(DATA FOR REVIEW)

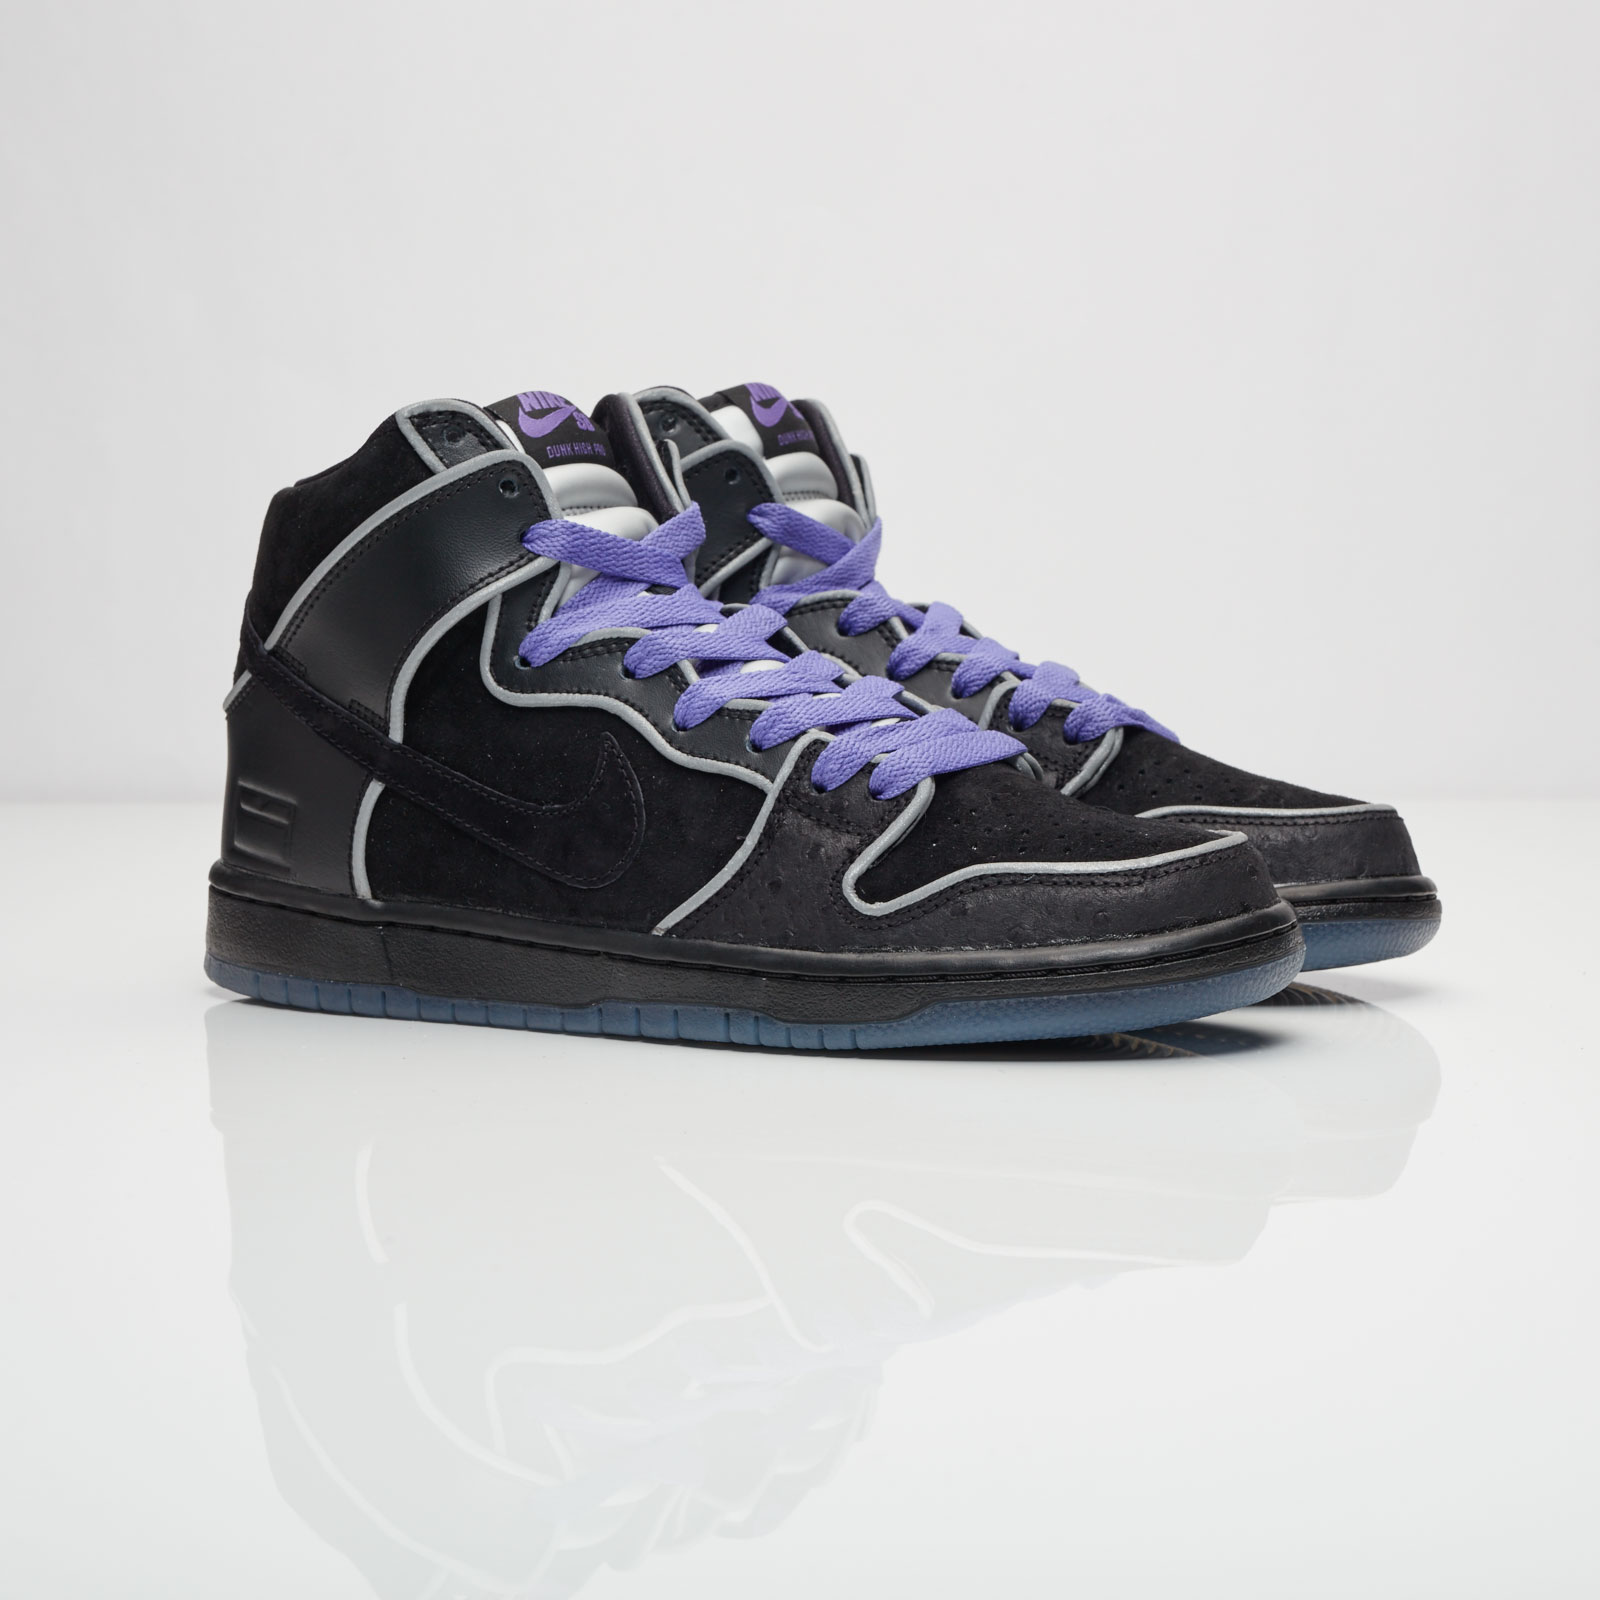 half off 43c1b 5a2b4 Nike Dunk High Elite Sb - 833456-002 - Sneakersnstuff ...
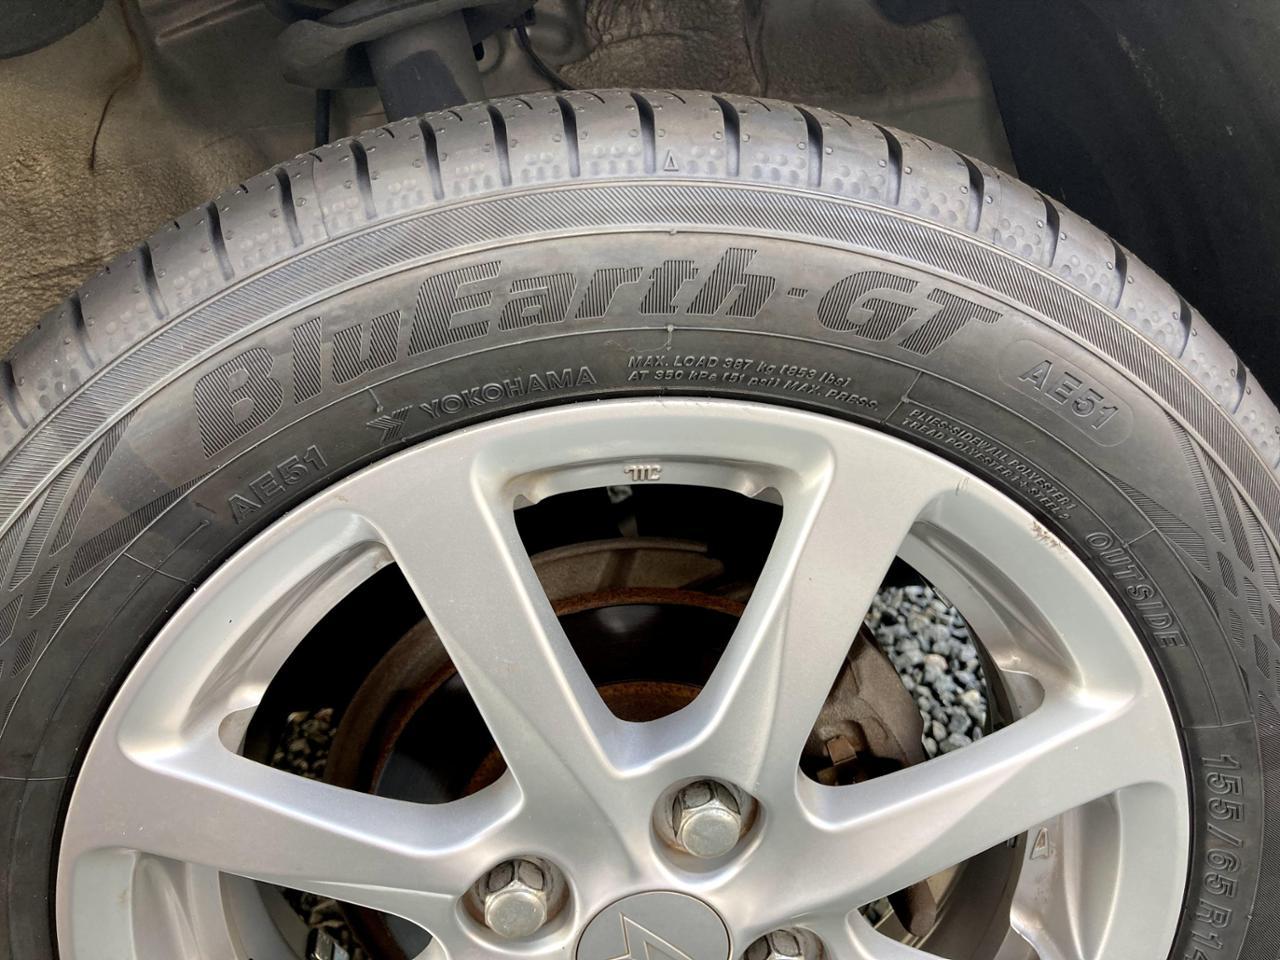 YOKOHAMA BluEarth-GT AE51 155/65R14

(End DATA FOR REVIEW)
(DATA FOR REVIEW)

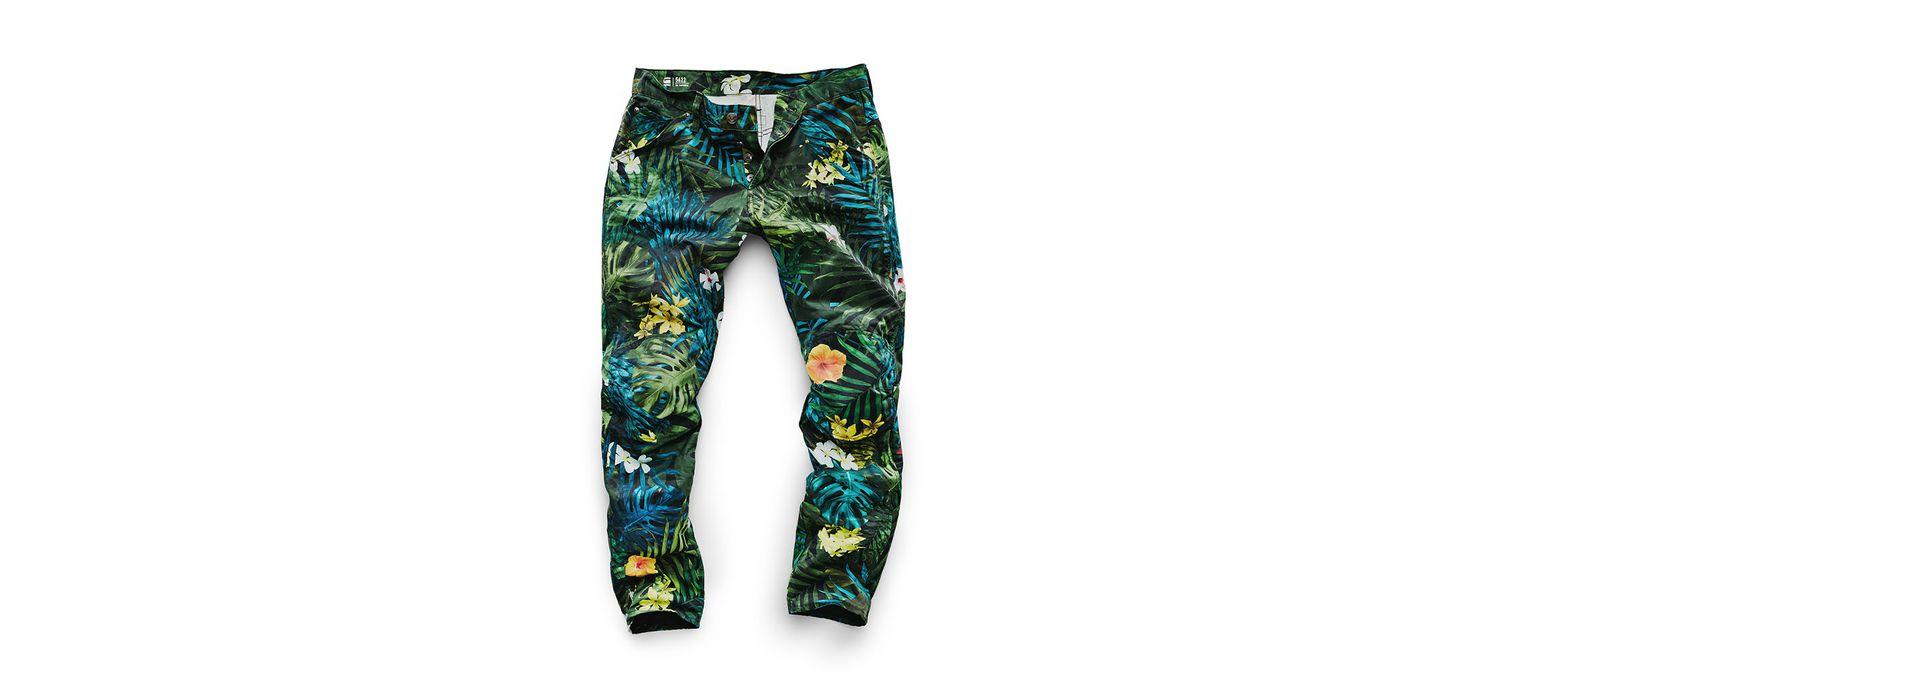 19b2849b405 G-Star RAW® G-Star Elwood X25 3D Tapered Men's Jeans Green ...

(End DATA FOR REVIEW)

### TASK TO COMPLETE
In the listing above, find the line with "half off 43c1b" and the line with "YOKOHAMA BluEarth-GT AE51 155/65R14". Copy both of them and every line between, exactly, but not the pictures.

### ANSWER BELOW
 half off 43c1b 5a2b4 Nike Dunk High Elite Sb - 833456-002 - Sneakersnstuff ...
 YOKOHAMA BluEarth-GT AE51 155/65R14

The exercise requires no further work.